Score: 45.225172917280254
License: http://arxiv.org/licenses/nonexclusive-distrib/1.0/
Abstract: By sharing information across multiple agents, collaborative perception helps autonomous vehicles mitigate occlusions and improve overall perception accuracy. While most previous work focus on vehicle-to-vehicle and vehicle-to-infrastructure collaboration, with limited attention to aerial perspectives provided by UAVs, which uniquely offer dynamic, top-down views to alleviate occlusions and monitor large-scale interactive environments. A major reason for this is the lack of high-quality datasets for aerial-ground collaborative scenarios. To bridge this gap, we present AGC-Drive, the first large-scale real-world dataset for Aerial-Ground Cooperative 3D perception. The data collection platform consists of two vehicles, each equipped with five cameras and one LiDAR sensor, and one UAV carrying a forward-facing camera and a LiDAR sensor, enabling comprehensive multi-view and multi-agent perception. Consisting of approximately 120K LiDAR frames and 440K images, the dataset covers 14 diverse real-world driving scenarios, including urban roundabouts, highway tunnels, and on/off ramps.
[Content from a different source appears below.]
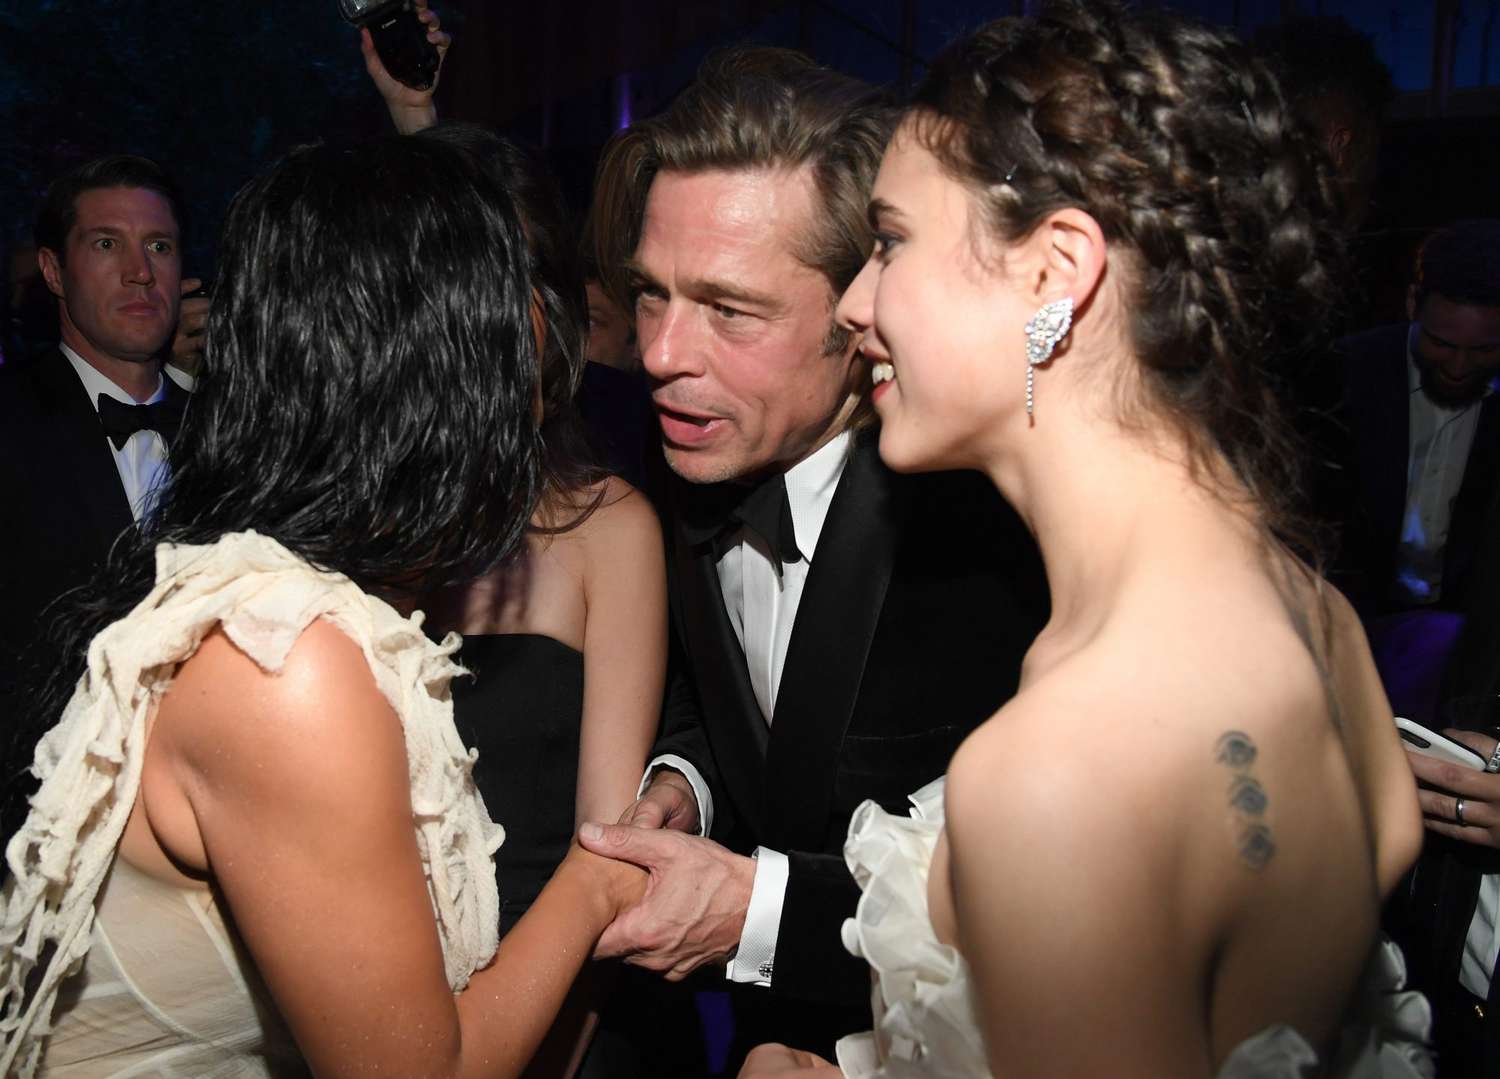 <p>Do we think Brad Pitt (at the Vanity Fair party) is begging Kim Kardashian for Keeping Up with the Kardashian next-season spoilers?</p>

Notably, 19.5% of the data comprises dynamic interaction events, including vehicle cut-ins, cut-outs, and frequent lane changes. AGC-Drive contains 400 scenes, each with approximately 100 frames and fully annotated 3D bounding boxes covering 13 object categories. We provide benchmarks for two 3D perception tasks: vehicle-to-vehicle collaborative perception and vehicle-to-UAV collaborative perception. Additionally, we release an open-source toolkit, including spatiotemporal alignment verification tools, multi-agent visualization systems, and collaborative annotation utilities. The dataset and code are available at https://github.com/PercepX/AGC-Drive.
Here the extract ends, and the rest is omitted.